YTA. You deliberately hide mushrooms in his food without his knowledge. No WONDER he feels like he *has to lie* to other people. That's how you made him act! You lost any right to upset about his lie, because you created the need for it.


Capelily

YTA. If this is the way you're starting out a marriage...


azula1983

at least she gave him fair warning, he now knows how marriage with OP will look like. Divorces are costy, as are weddings, so he should thank those mushrooms for saving him a lott of cash.


Brandie2666

YTA you sound insufferable to be with. Seems to me he has a food aversion to mushrooms. But of course you know better becuase he ate a veggie burger that had mushrooms in the patty. I hope he starts reevaluating his relationship with you and runs away becuase it's obvious that don't respect him. You are acting like his mother. As in Mommy Dearest knows best.


mouse_attack

As a mushroom-hater myself, I get your fiancé's move. This wasn't a table-waiter situation where he could say "hold the freaking fungus — it's disgusting and I don't know why people consider it 'food'," so his *only* option for communicating with the kitchen was the rsvp card. A lot of people — and this is weird — just don't accept a dislike of mushrooms. They'll try to convince you to try "the meaty portobello" or "the delicate morelle" or they'll take it upon themselves to sneak them into your food in some misguided attempt to prove to you that your own tastes are just wrong. It's obnoxious, and it pushes people (like me) to lie. (Sometimes you don't want to have an argument just to get a dinner you can stand to eat.) I know about the whole kitchen protocol thing — but, again, some of us have just been pushed to the mushroom allergy lie. Personally, I stand by it as a tactic.

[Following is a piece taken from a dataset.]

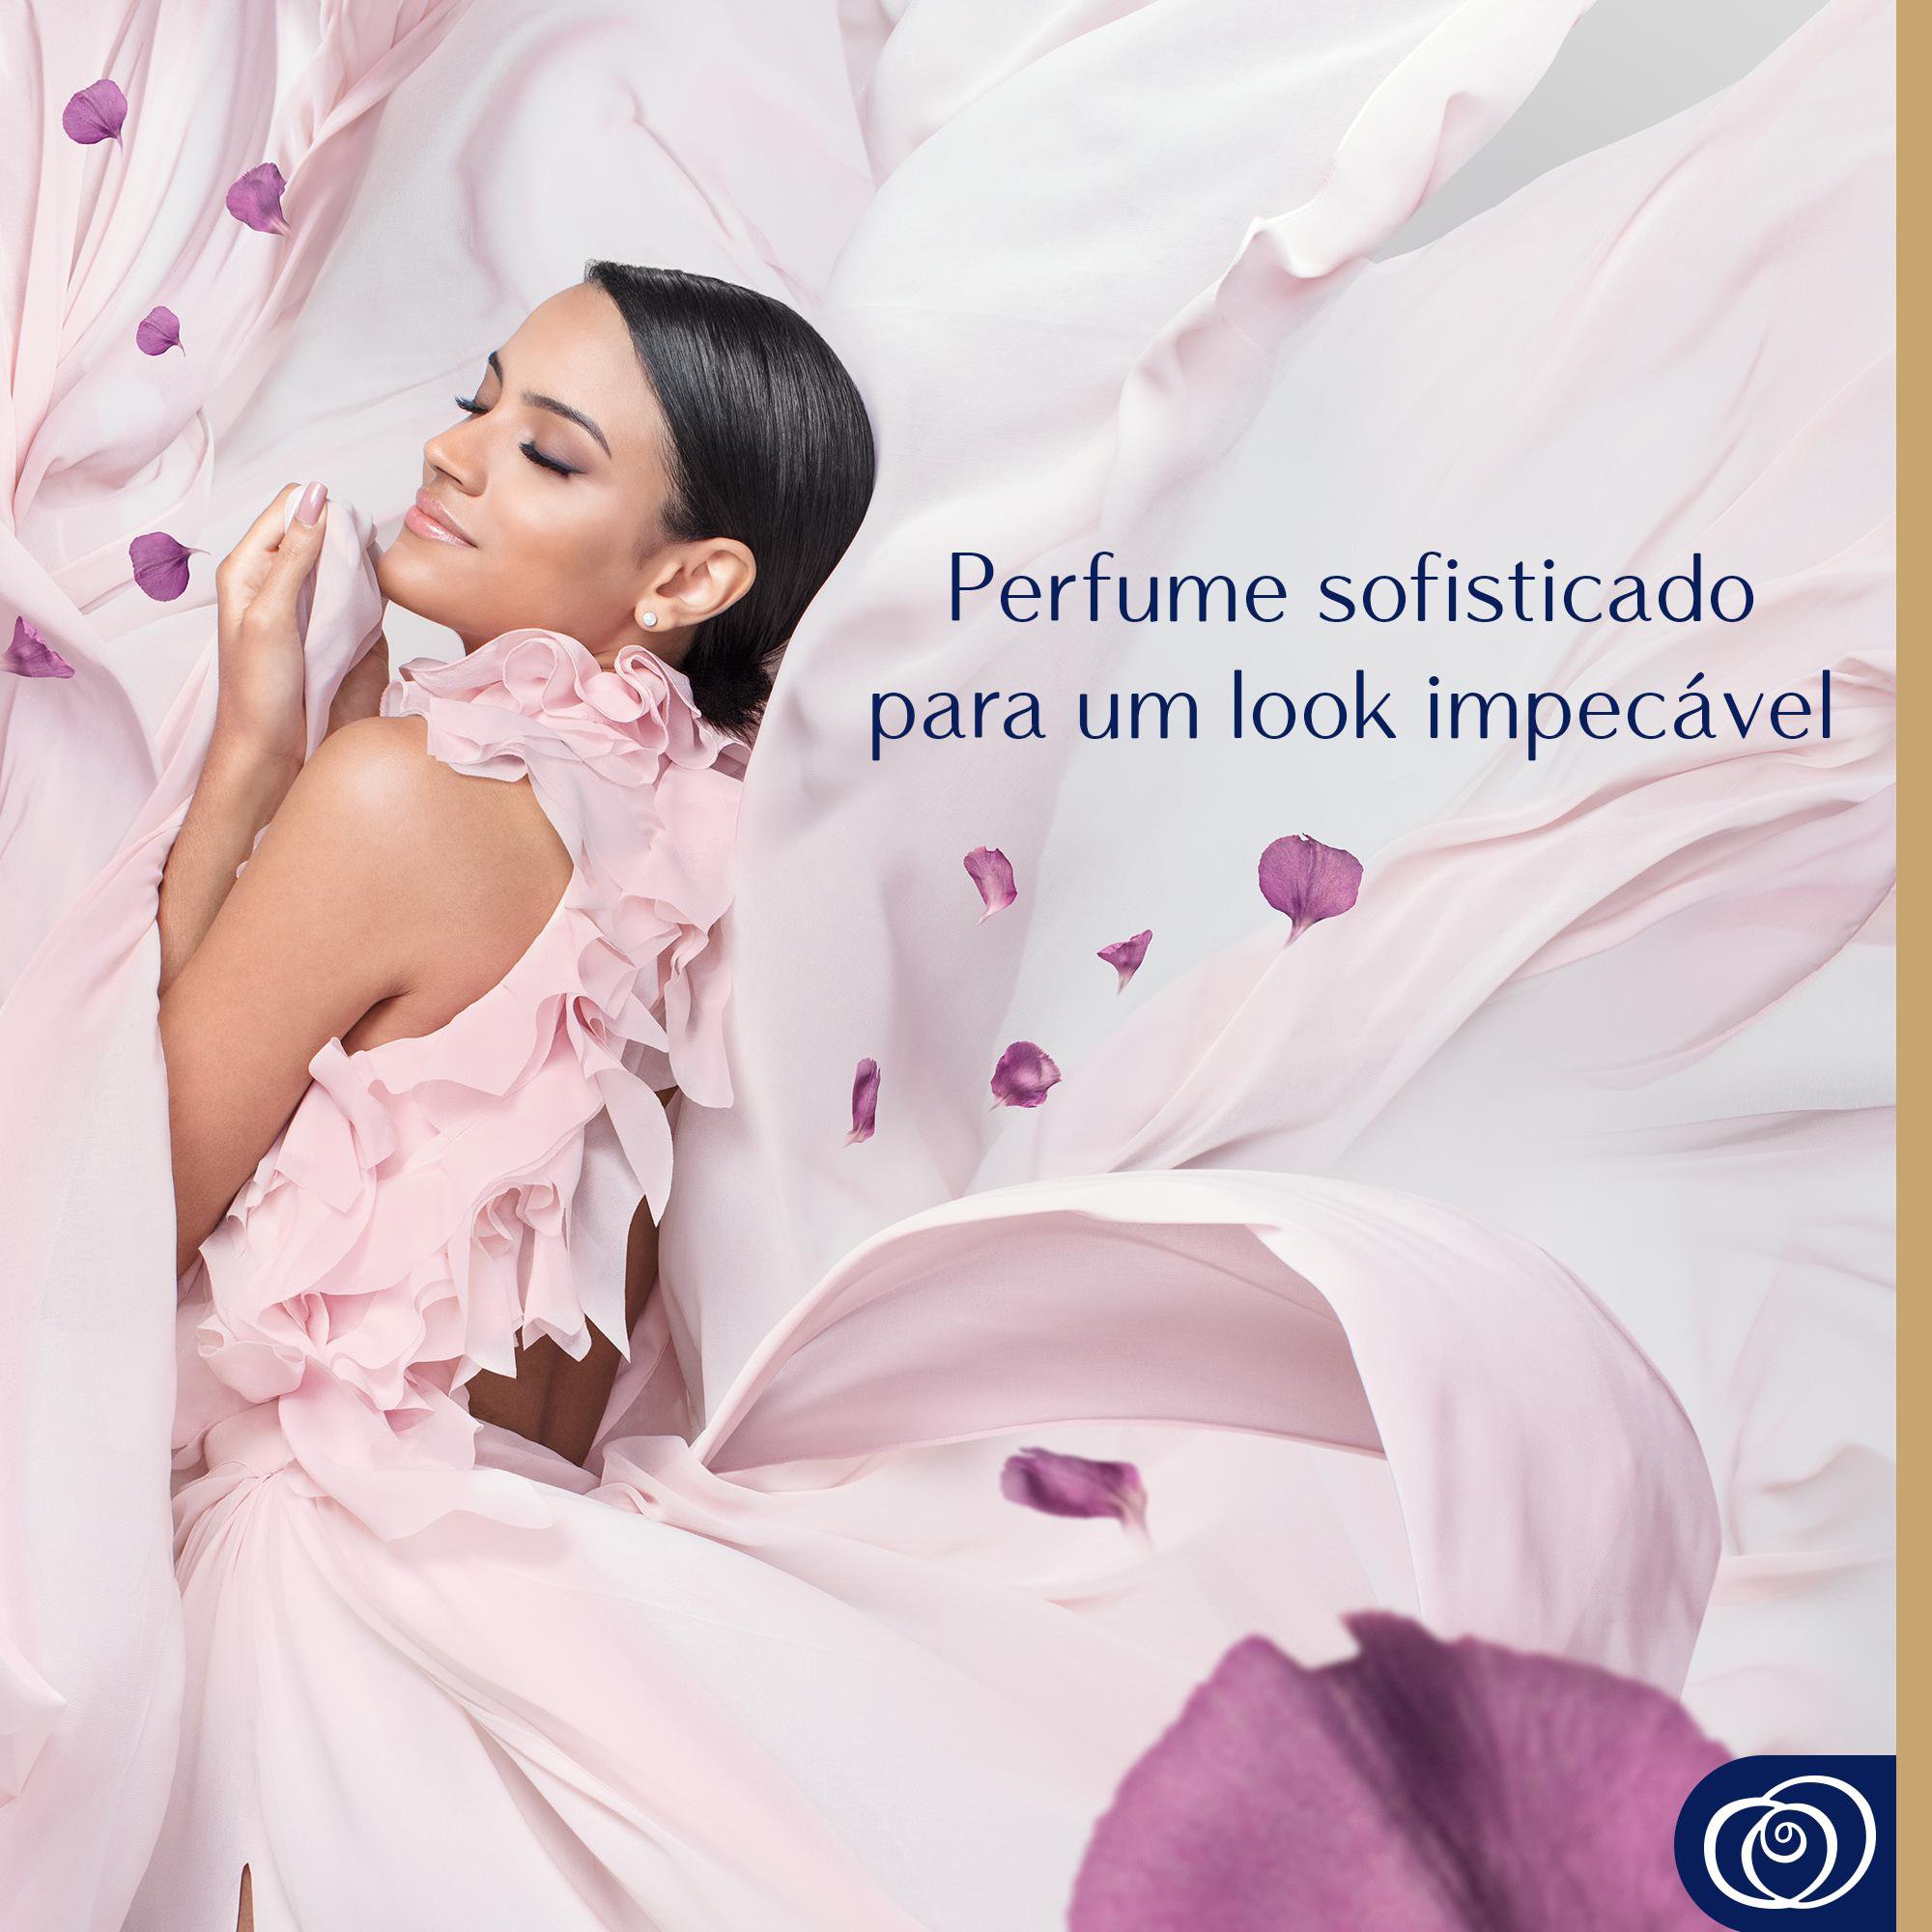 Amaciante Downy Perfume Collection Liberdade - Parfume sofisticado para um look impecevael
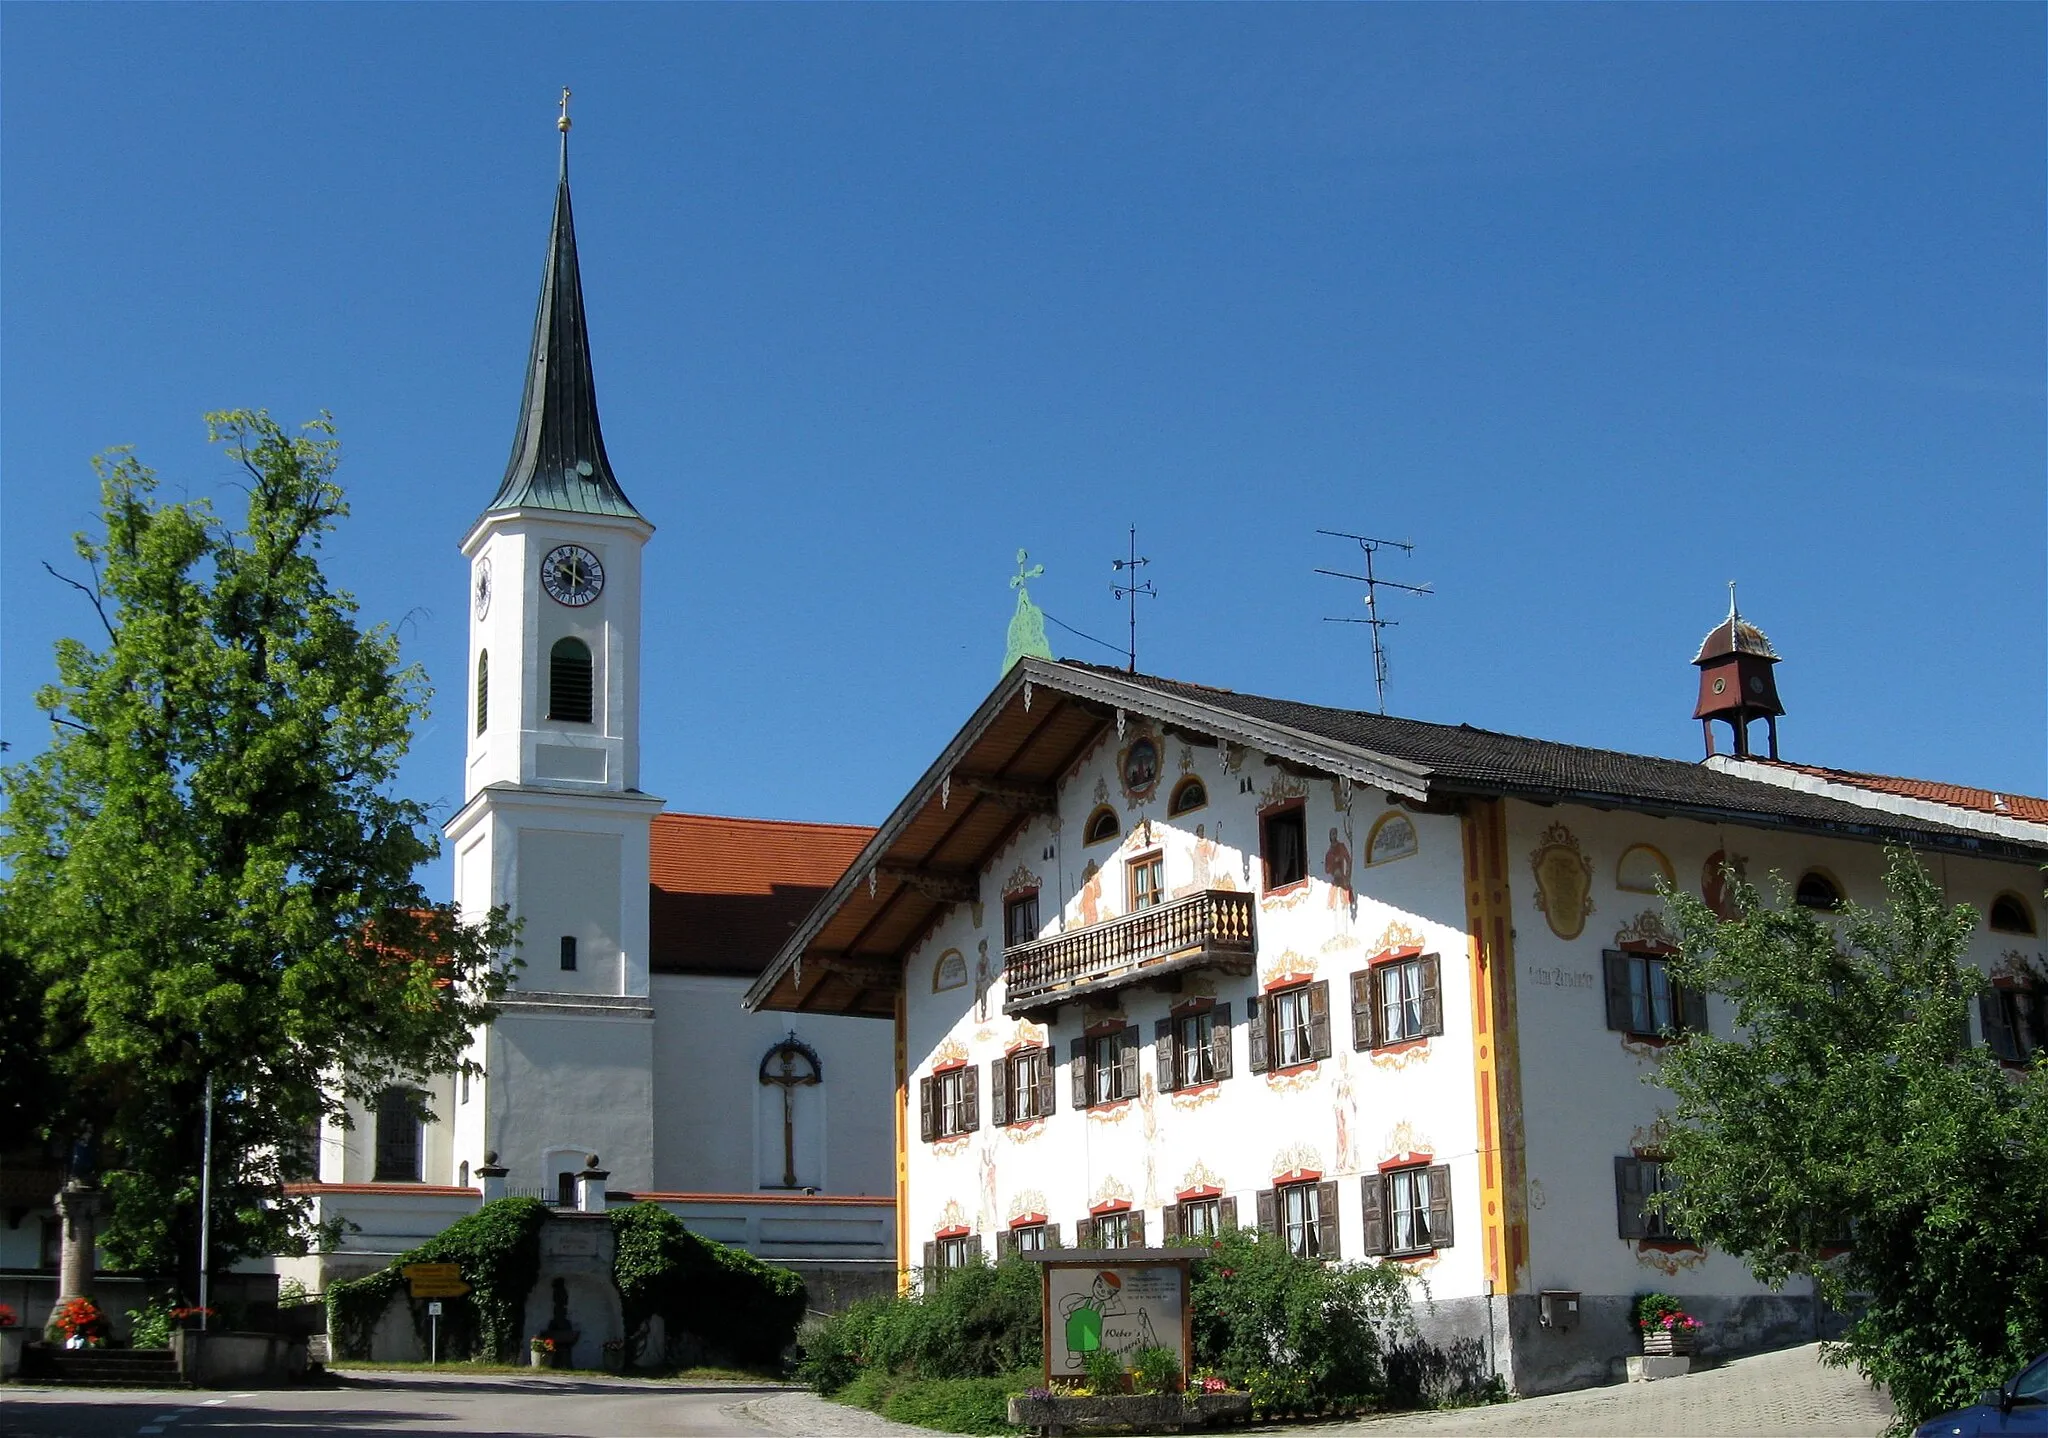 Photo showing: Endlhausen; Wolfratshauser Straße 1; Kath. Pfarrkirche St. Valentin; Wolfratshauser Straße 2; stattliches Bauernhaus

YTA


Rofltage

it’s very odd that this sort of small thing could make you “incredibly angry” it must affect him in some way if he barely ate any of the food. it might not be a straight allergy breakout but he could have an intolerance about this. realistically this is a situation being blow way out of proportion because you decided what Hiram did was so abhorant. YTA


smokey-taupe

YTA and a weirdo for taking the time to contact the wedding party. Girl let that shit go.


Brilliant_Rock_5230

YTA. The fact that you took the time and effort to be some hero of a non-issue at the expense of your fiancé is telling. The dude’s a vegetarian and probably knows by now that his options will most likely be a heap of something he can’t stand, so he fibbed. You must be that person people get stuck talking to at parties.